Middle English drope, from Old English dropa "a small, spherical mass of liquid," from Proto-Germanic *drupon (source also of Old Saxon dropo, Old Norse dropi, Dutch drop, Old High German tropfo, German Tropfen (n.)); see drop (v.).

Sense of "minute quantity of anything, least possible amount" is from c. 1200. Meaning "an act of dropping" is from 1630s; of immaterial things (prices, temperatures, etc.) from mid-19c. Meaning "lozenge, hard candy" is 1723, from resemblance in shape. Meaning "secret place where things can be left illicitly and picked up later" is from 1931. Theatrical meaning "painted curtain dropped between scenes to conceal the stage from the audience" is by 1779.

Drop in the bucket (late 14c.) is from Isaiah xl.15 [KJV]. At the drop of a hat "suddenly" is from 1854. To get the drop on "be prepared before one's antagonist" originally was Old West gunslinger slang (1869).




drop (v.)

Middle English droppen, from Old English dropian "to fall in drops, fall in small portions or globules, as a liquid." The word is part of a related series of verbs in Proto-Germanic that also yielded Old Saxon driopan, Old Frisian driapa, Dutch druipen, Old High German triufan, German triefen, and in English drip, droop, and obsolete dreep and dripe. Related: Dropped; dropping.

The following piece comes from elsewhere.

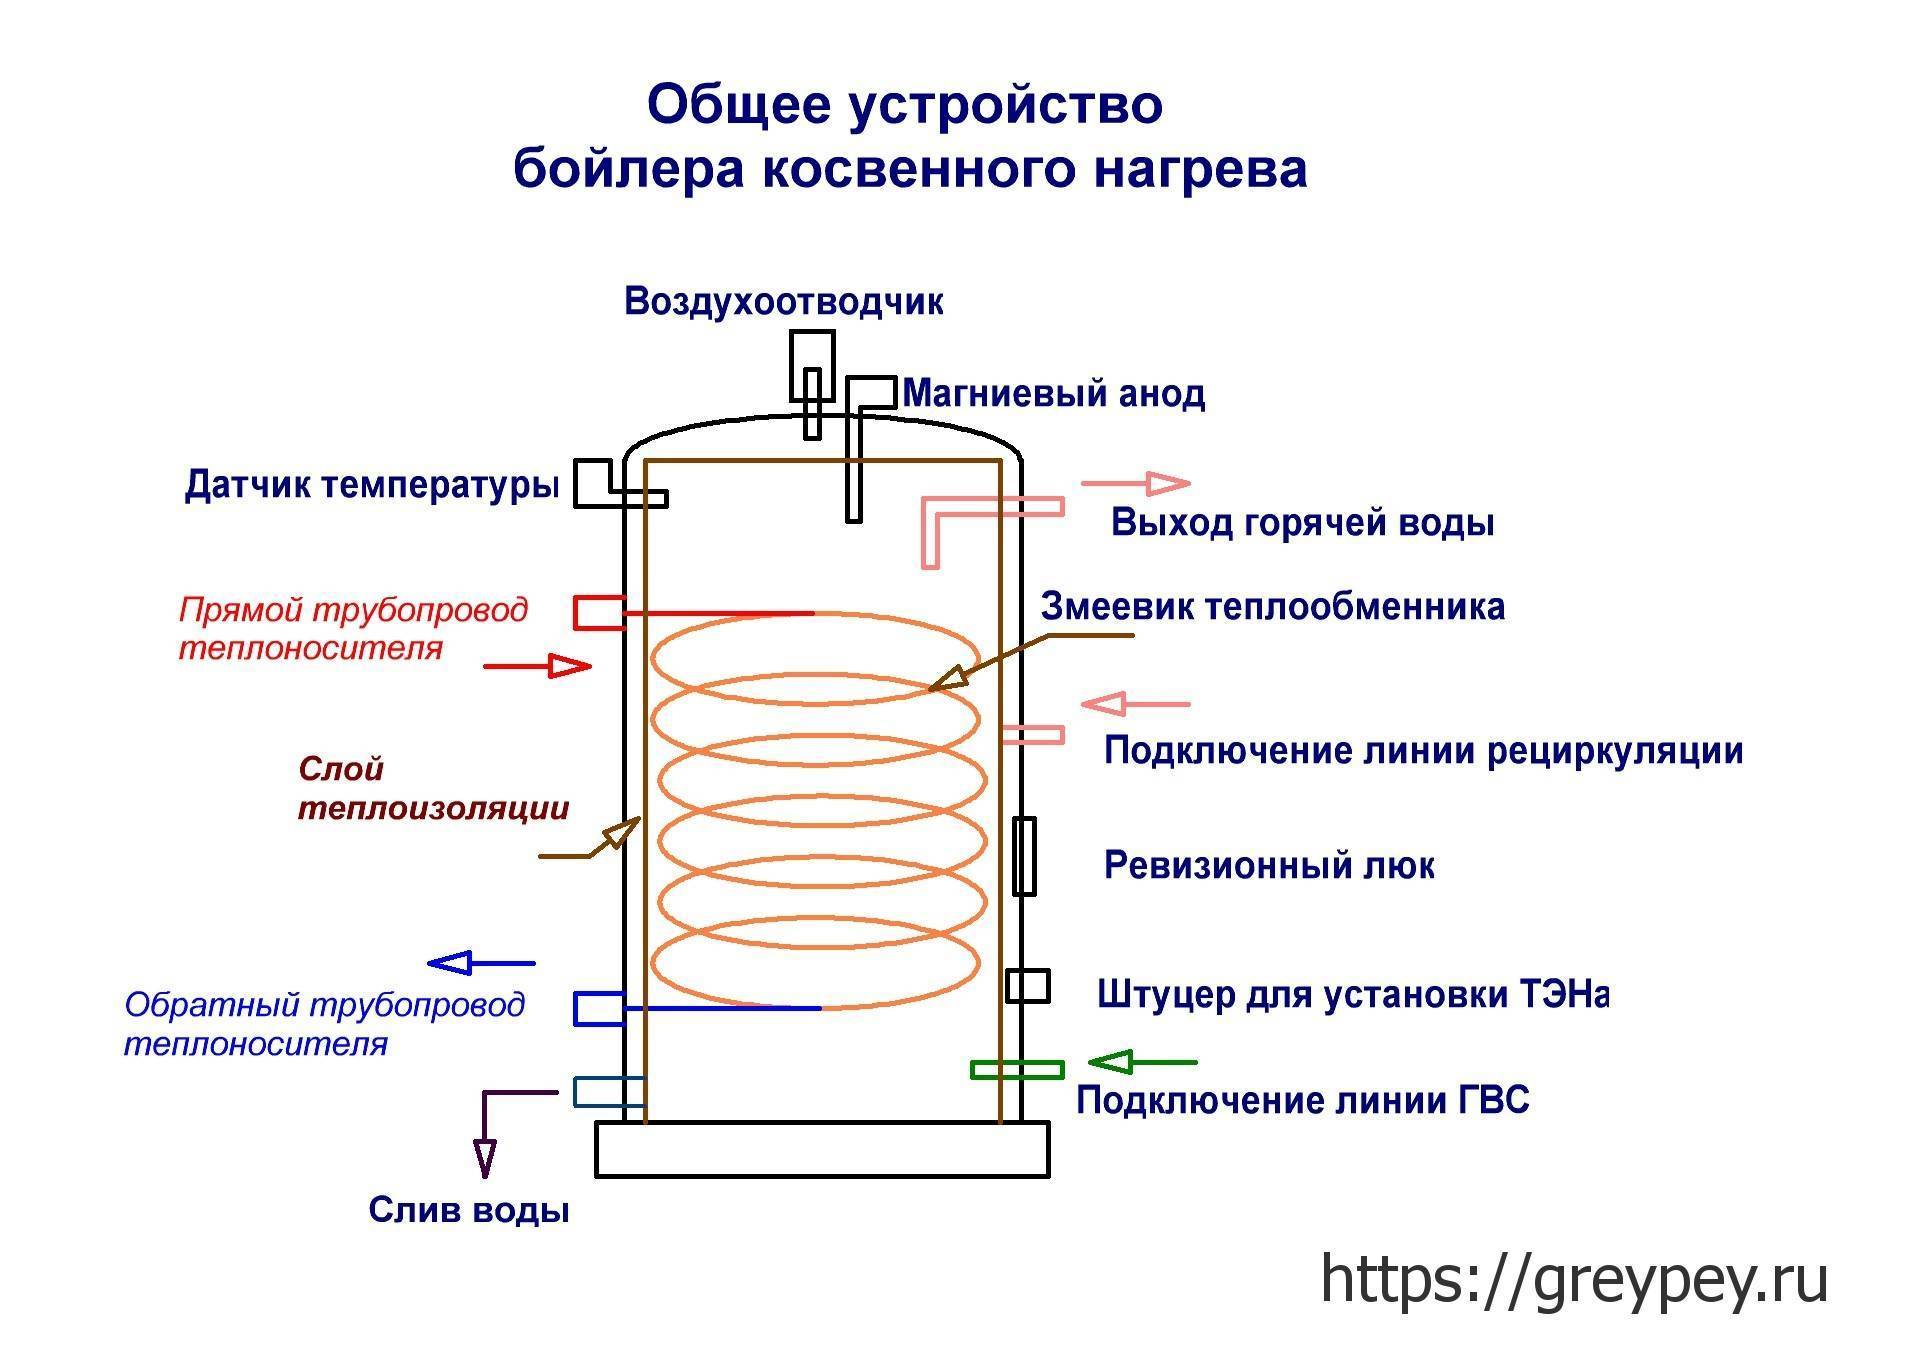 Принцип работы накопительного электрического водонагревателя
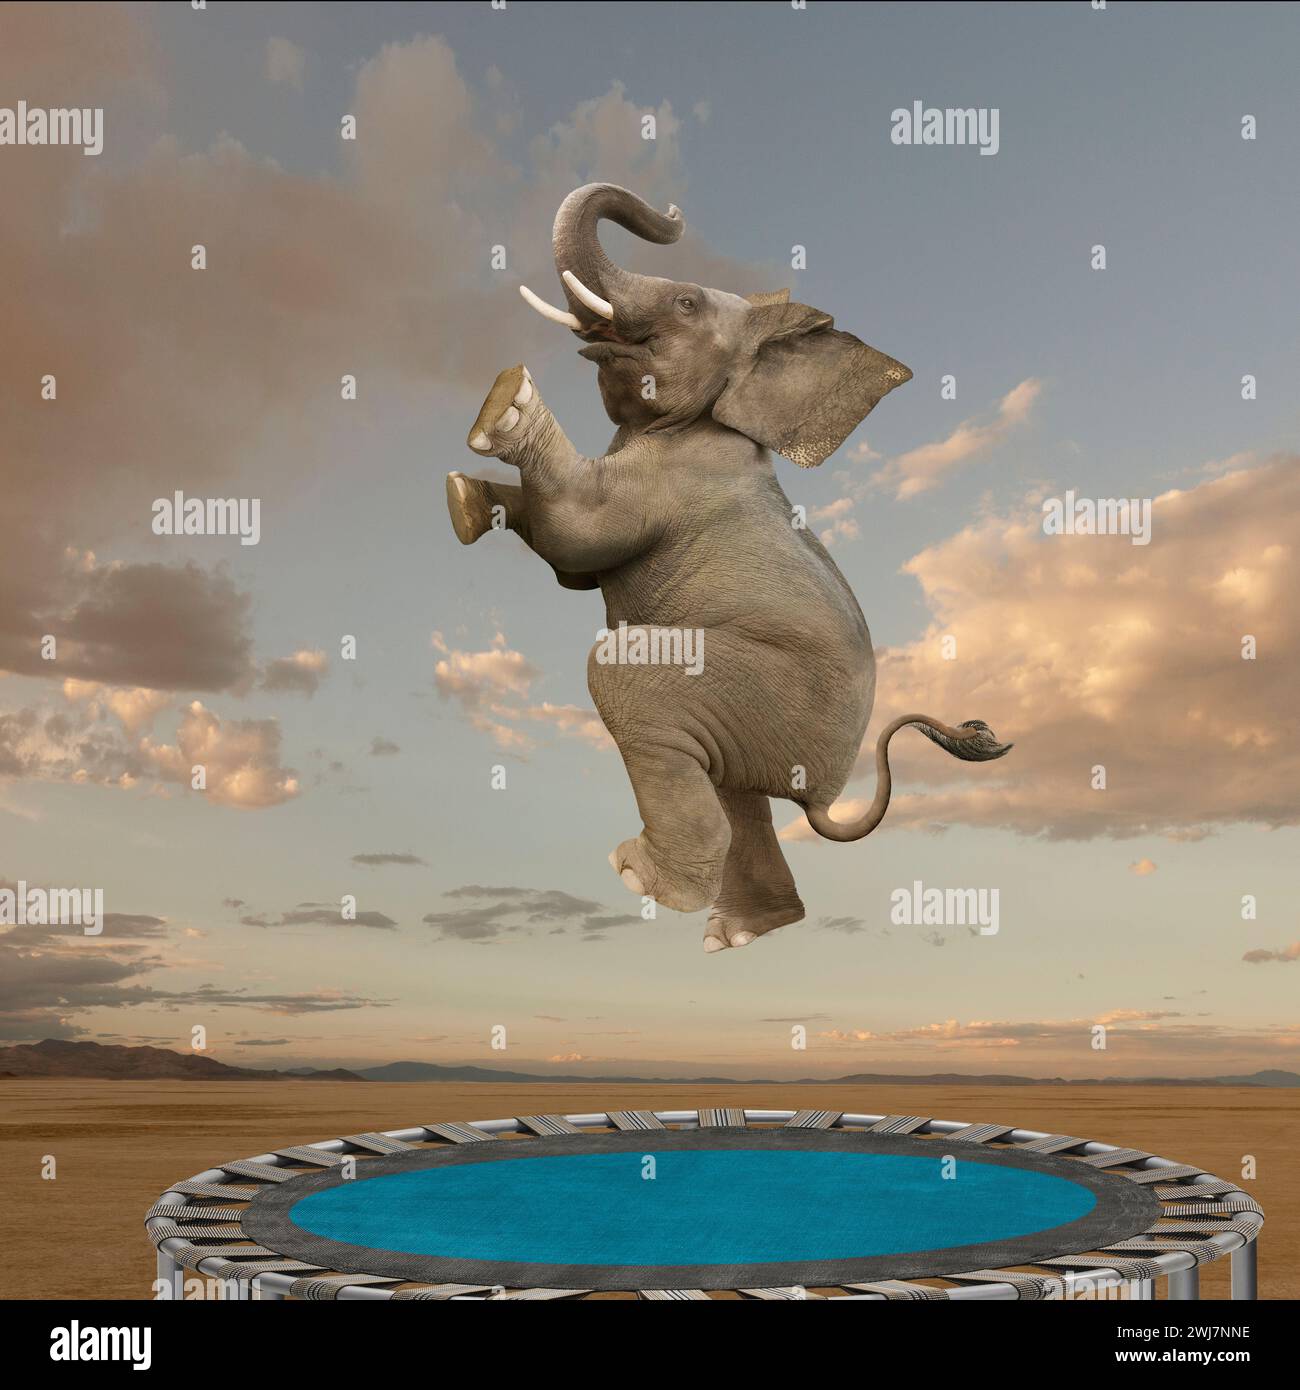 Un éléphant drôle saute avec enthousiasme sur un trampoline dans une image sur des compétences inattendues, l'agilité et l'équilibre. Banque D'Images

In reference to a solid object, "to fall vertically" from late 14c. The transitive sense "allow to fall" is from mid-14c. To drop in "visit casually" is from c. 1600; drop-in (n.) "a casual visit" is attested by 1819. The notion in drop (someone) a line "write a letter" (1769) is of dropping a message into a letter-box. Exclamation drop dead to express emphatic dislike or scorn is from 1934; as an adjective meaning "stunning, excellent" it is recorded by 1970 (compare killing, etc.).